As I get up, one of the barbers points to me and says that I am up next. I want to tell him I no longer have the time but his demeanor suggests that I sit in the chair quick smart.

I am in no position to make any other suggestions.

I meekly sit down while my cut man appraises my scruffy condition. He asks if I would like to shape it into a goatee.

I am in no position to make any other suggestions.

The guy works meticulously, doing a helluva job. But he is going past 3 o'clock and it looks like I will miss the start of the tour.

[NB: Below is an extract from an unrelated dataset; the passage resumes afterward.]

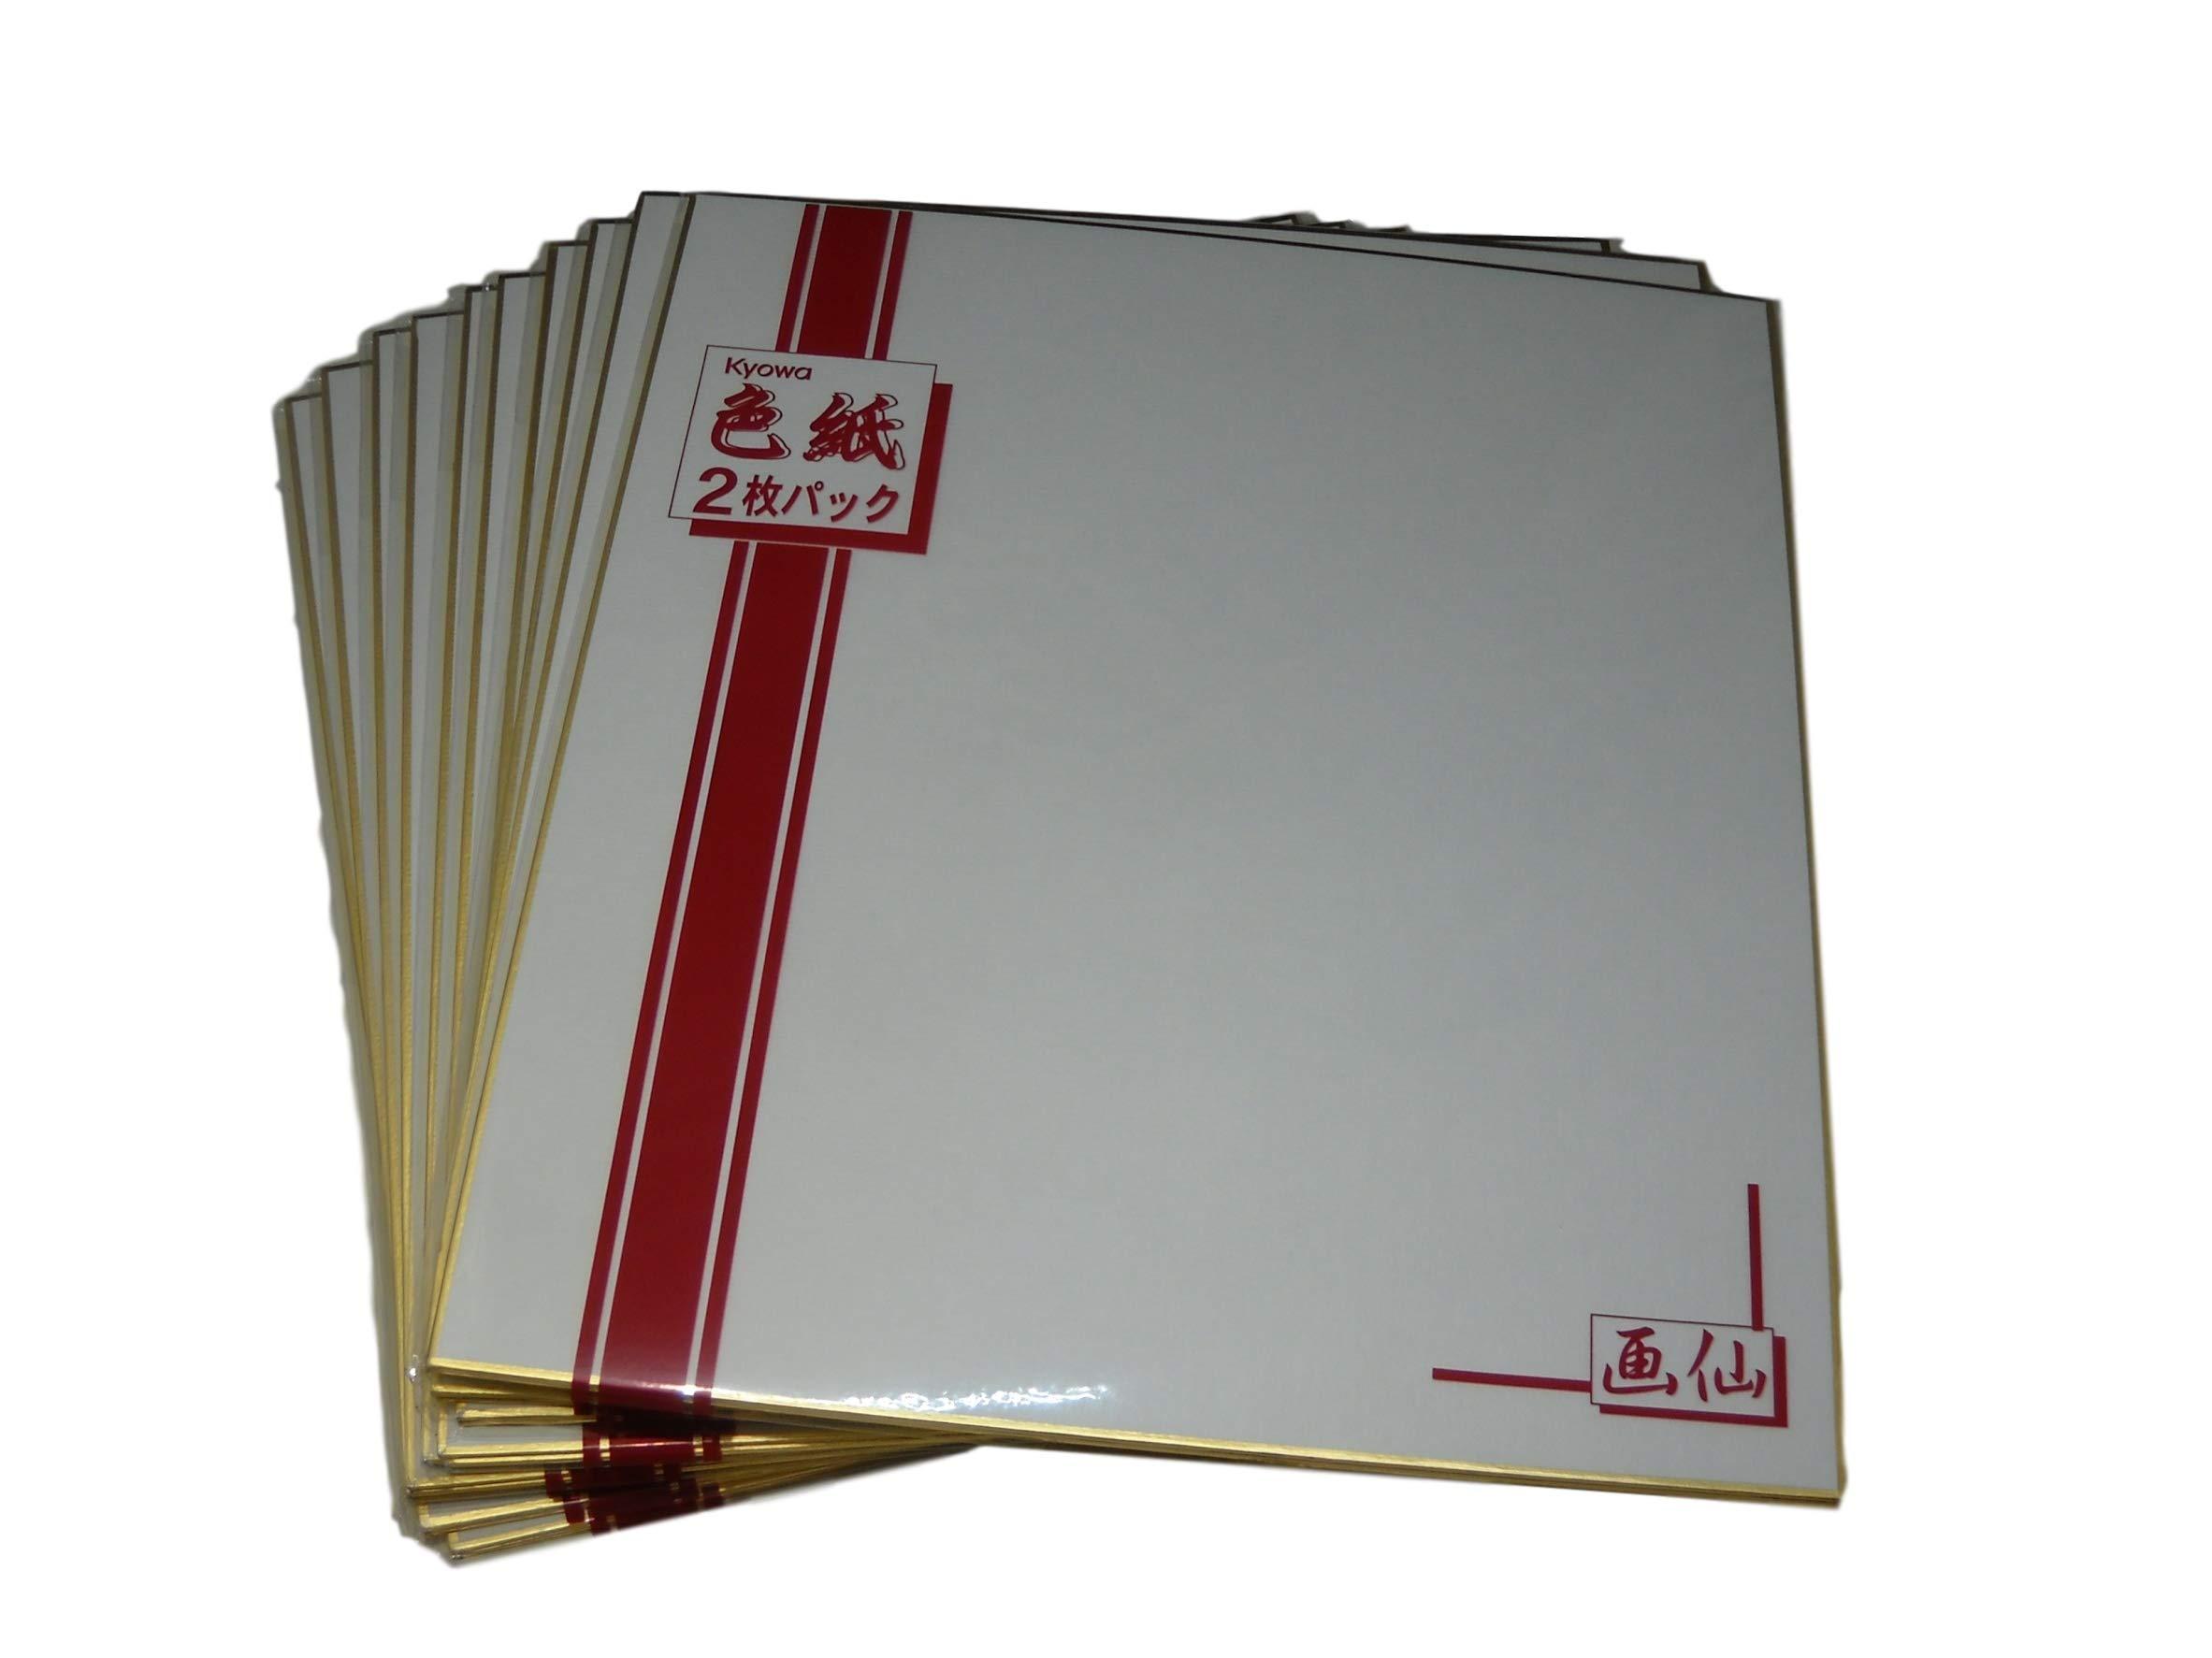 10 x Japanese Kyowa Shikishi White Board Set of 2 9.5'' x 10.75'' Gold Bordered for Japanese Art or Calligraphy Total 20 pcs
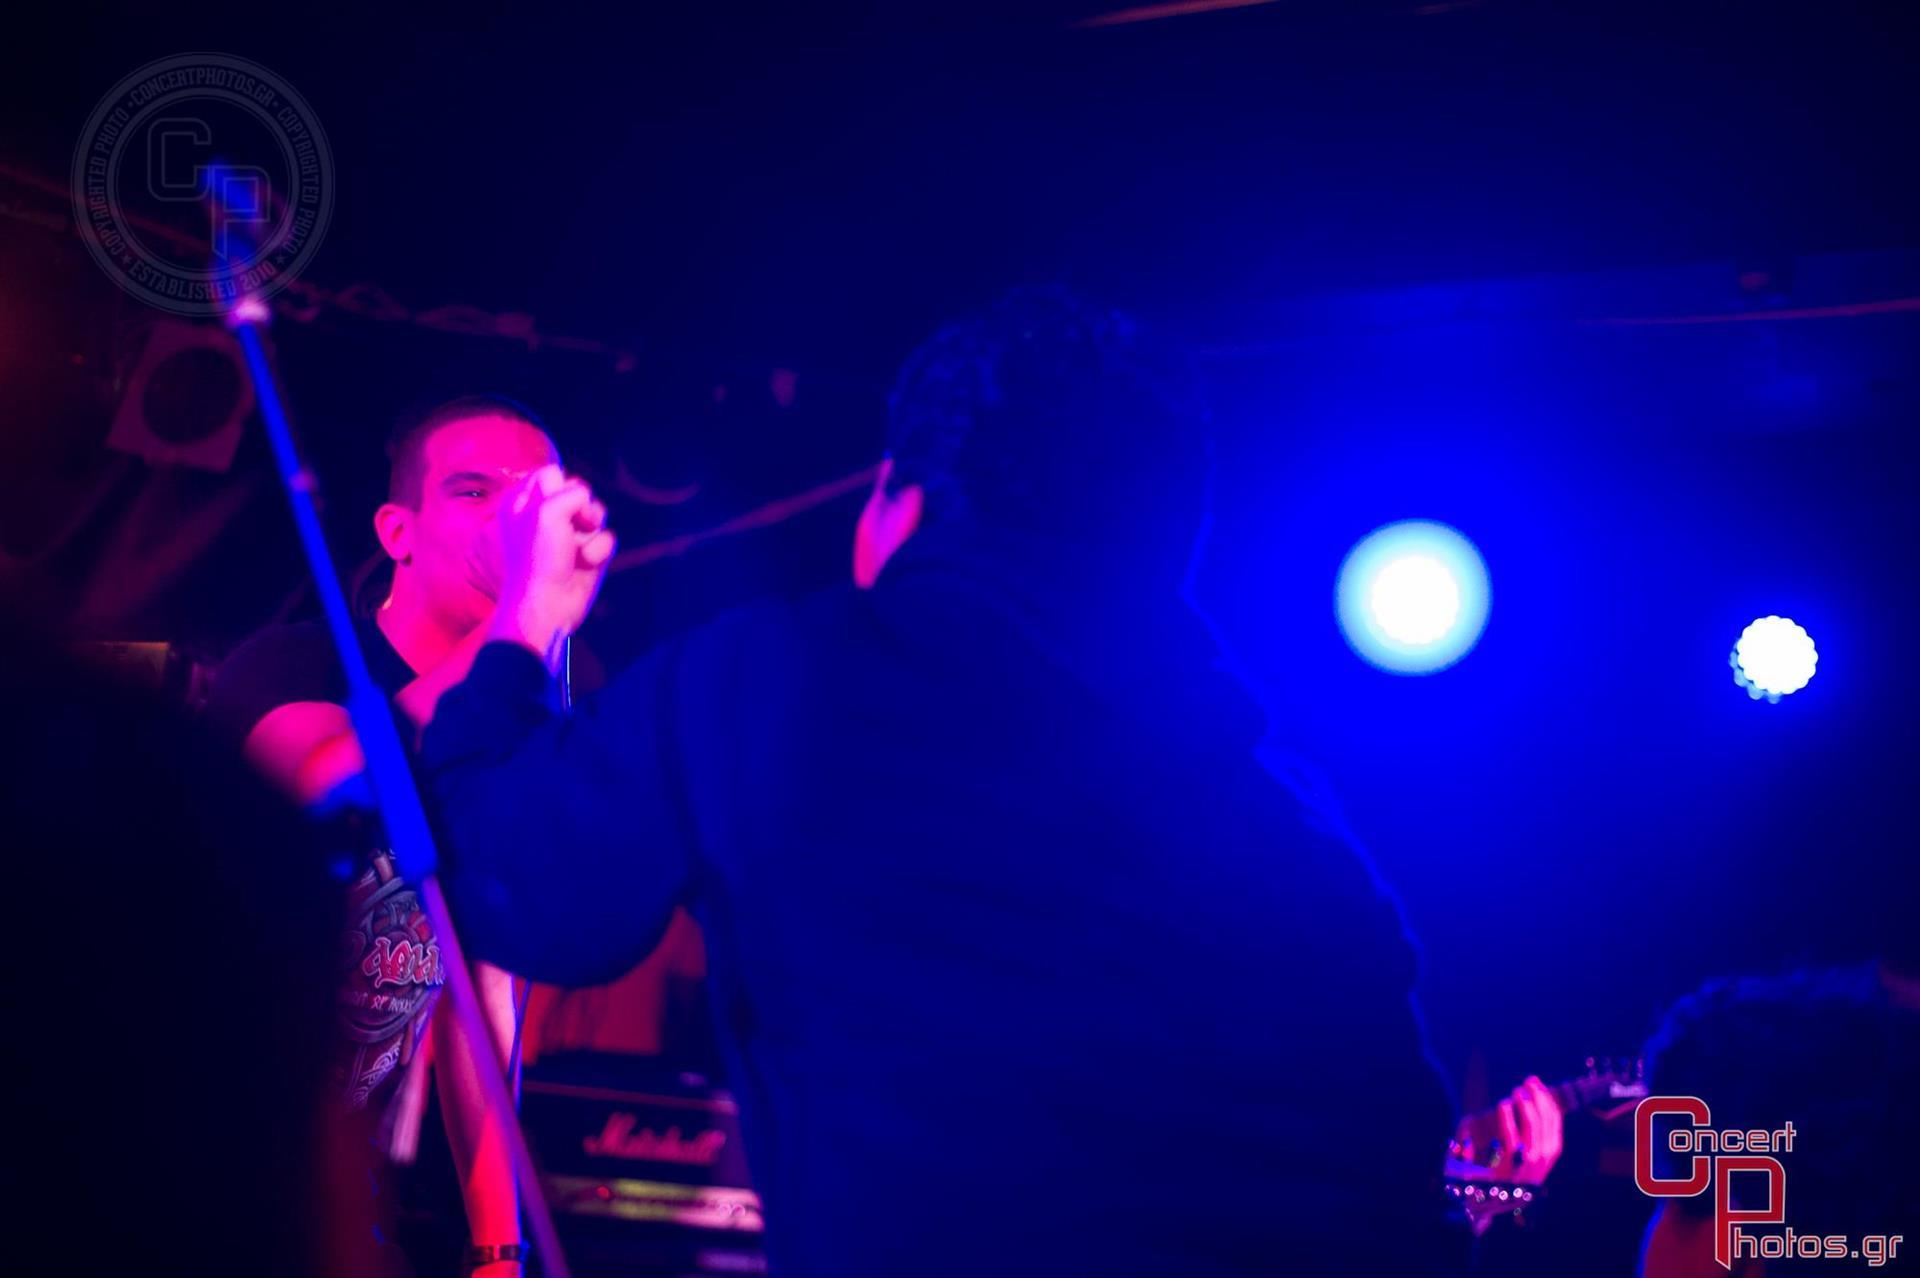 Battle Of The Bands Athens - Leg 3- photographer:  - ConcertPhotos - 20150104_2103_01

I want to tell him I am on a time limit but he is too busy either chatting/performing secret handshakes to new customers/drop-ins or talking on the phone to someone named Patrice who is looking for J.J. (the missing third barber).

Finally done and dusted by 3:10, I hightail it to the Apollo to try and catch up to the tour guide but alas when I get there the doors are shut.

I start cursing but frankly I look like an idiot. Defeated yet goateed I skulk my way back to the hotel hoping that I can exchange my ticket for a new one tomorrow.

Postscript: I return the next day getting a feeling of de ja vu as the doors to the Apollo are closed once more. How can this be? I am a quarter of an hour early for the 11am tour so I ask the security guard what gives. He tells me there is no 11am tour on a Saturday. I somewhat foolishly ask about the 1pm tour. It is at this juncture that he informs me there are no tours on a Saturday. I begin to point out that my Lonely Planet guide begs to differ however...

...I am in no position to make any other suggestions.